Then, a capping layer (CPL) was deposited on the cathode and the device was encapsulated with glass. After the deposition of the emission layer and the cathode, the OLED was transferred from the deposition chamber to a dry box for film formation, and then encapsulated with an ultraviolet curable epoxy resin and a moisture absorbent.
Example 2 (ex.2): fabrication of OLEDs
An OLED was manufactured using the same material as example 1, except that compound 4-1(LUMO-2.3 eV; HOMO-5.7eV) in chemical formula 8 in the EBL was used instead of compound 3-4, and compound 1-23(LUMO-3.4 eV; HOMO-5.9eV) in chemical formula 2 as a delayed fluorescence material in EML1 and EML2 was used instead of compound 2-2, and the concentration of compound 1-23 in EML1 was changed to 5 wt%.

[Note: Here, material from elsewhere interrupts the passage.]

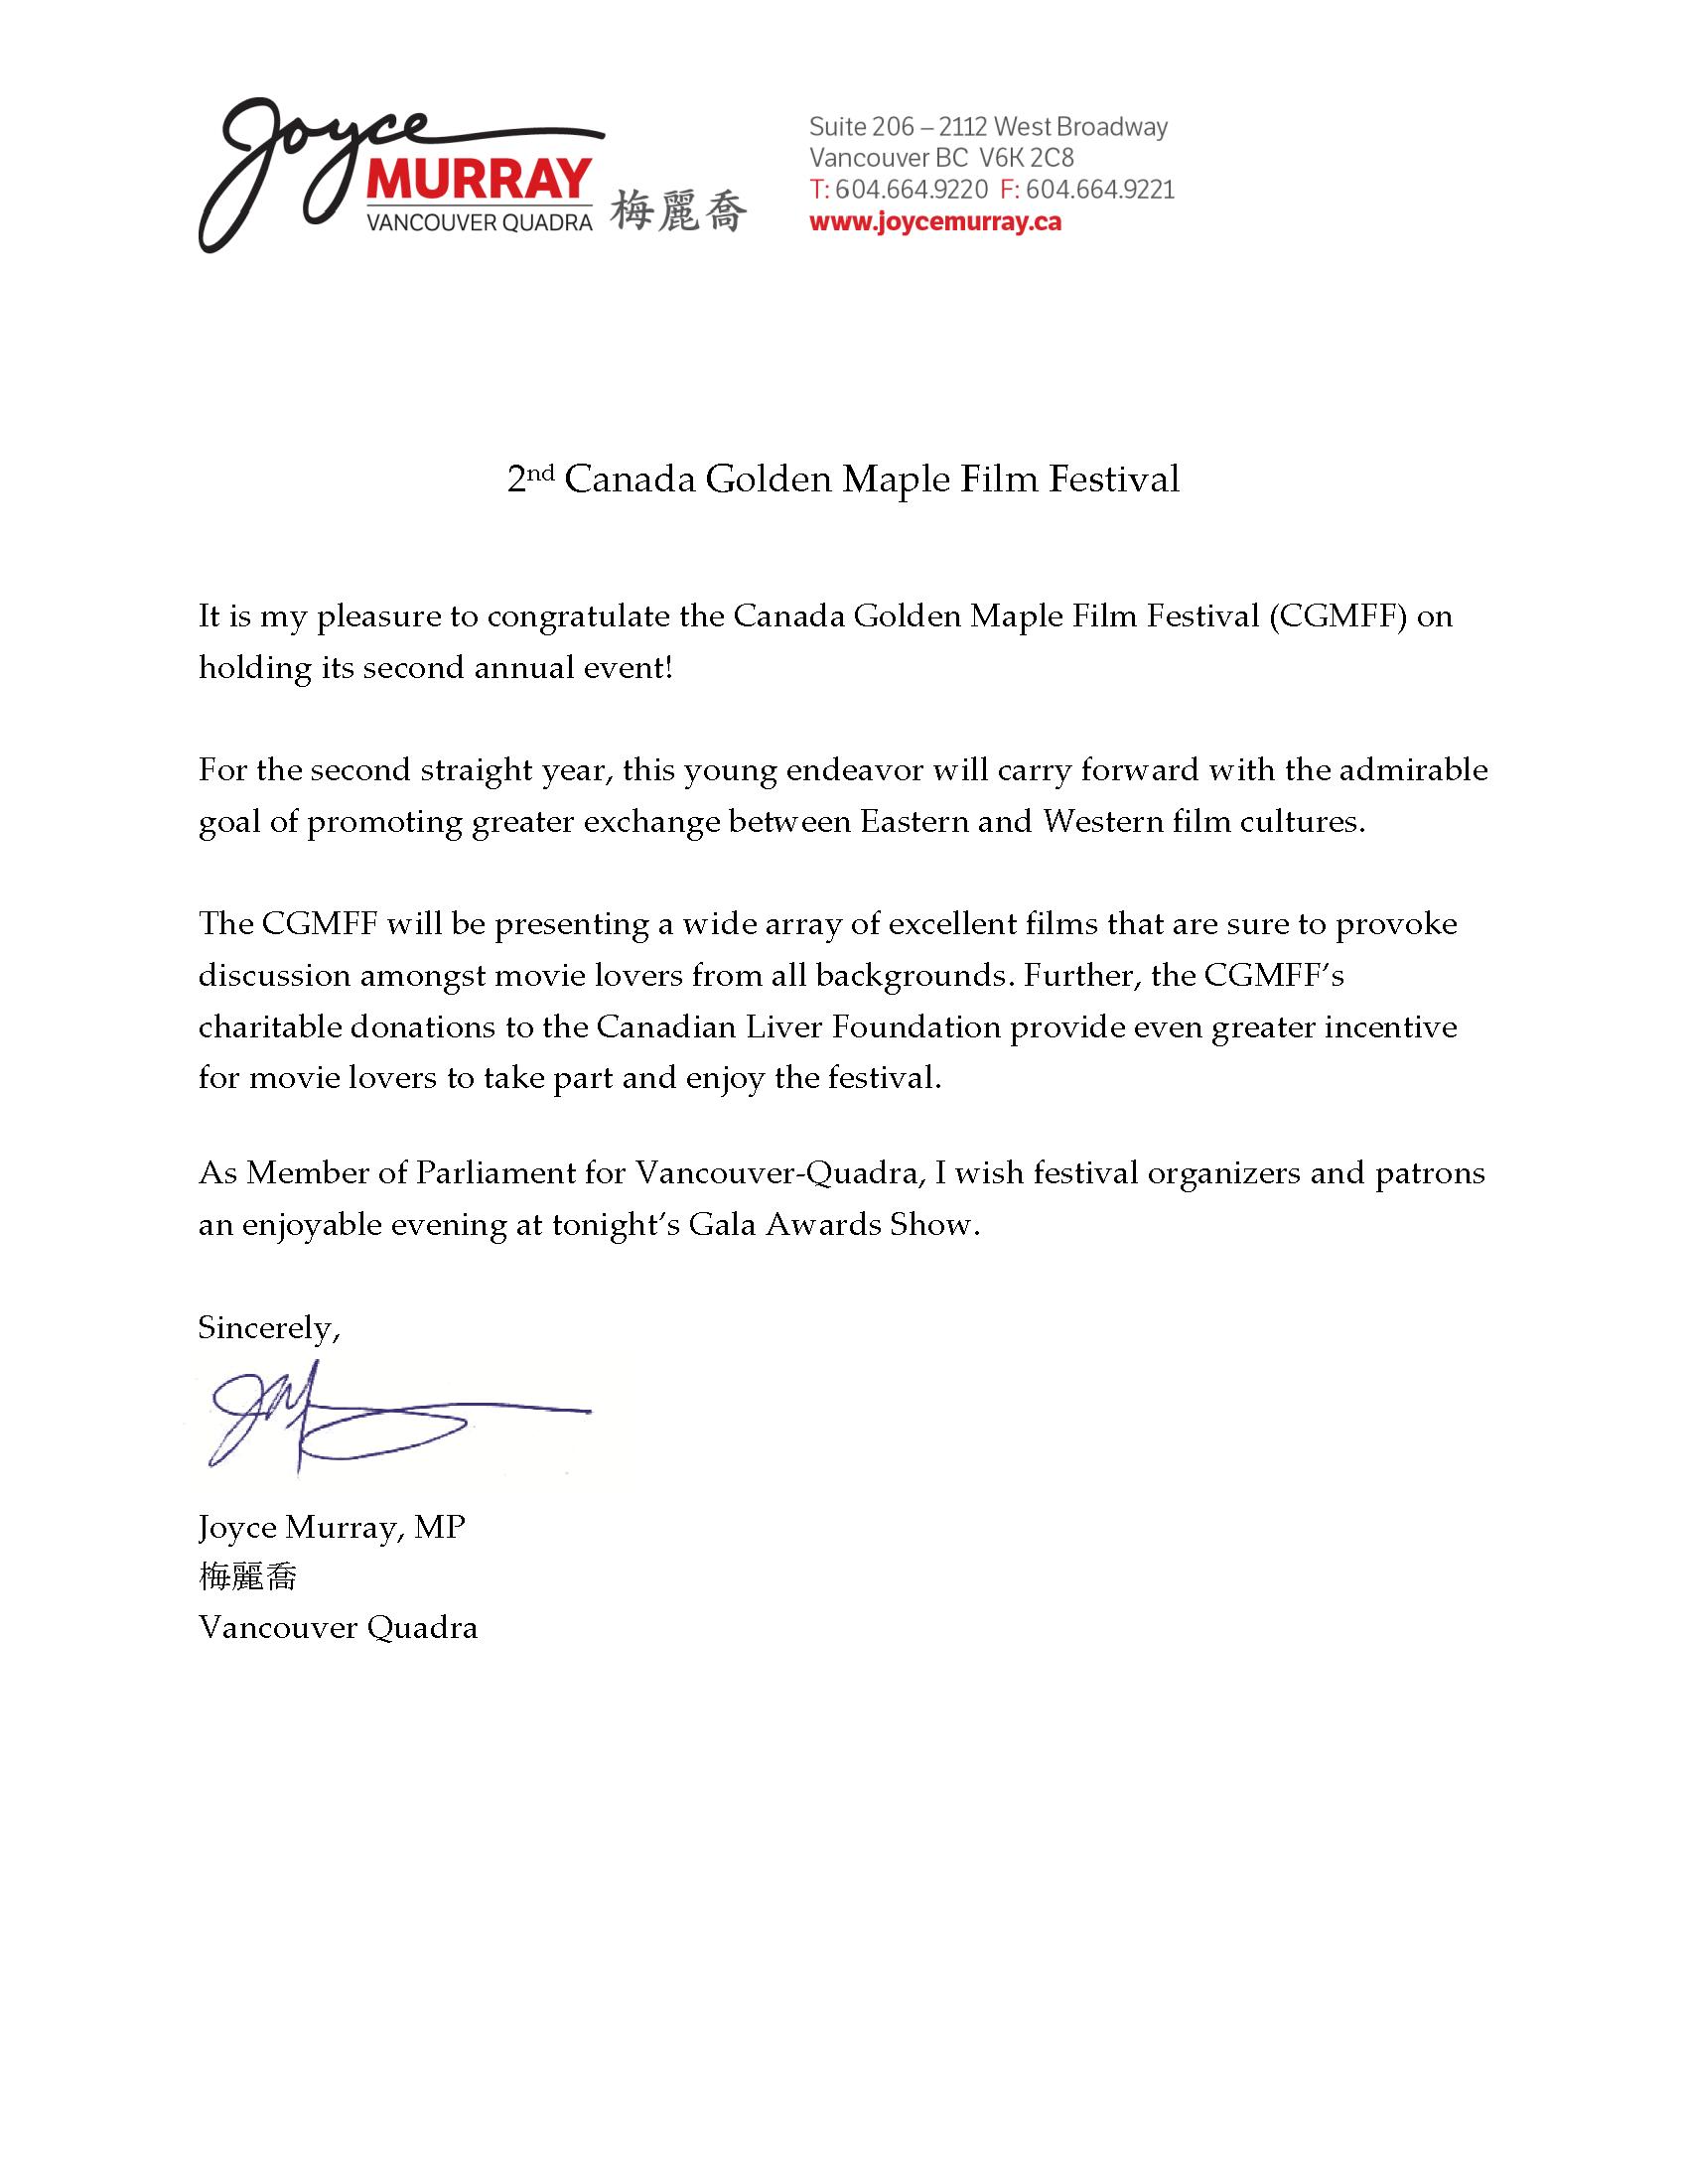 Congratulatory Letter from Joyce Murray, Federal Member of Parliament

Examples 3 to 8 (ex.3-ex.8): fabrication of OLEDs
An OLED was manufactured using the same material as example 2, except that the concentration of the compounds 1 to 23 as the delayed fluorescence material in the EML1 was changed to 10 wt% (ex.3), 15 wt% (ex.4), 20 wt% (ex.5), 25 wt% (ex.6), 30 wt% (ex.7), or 35 wt% (ex.8).
Example 9 (ex.9): fabrication of OLEDs
An OLED was fabricated using the same materials as in example 1, except that compound 3-4 was replaced with compound 3-1(LUMO-2.3 eV; HOMO-5.5eV) in chemical formula 6 in the EBL.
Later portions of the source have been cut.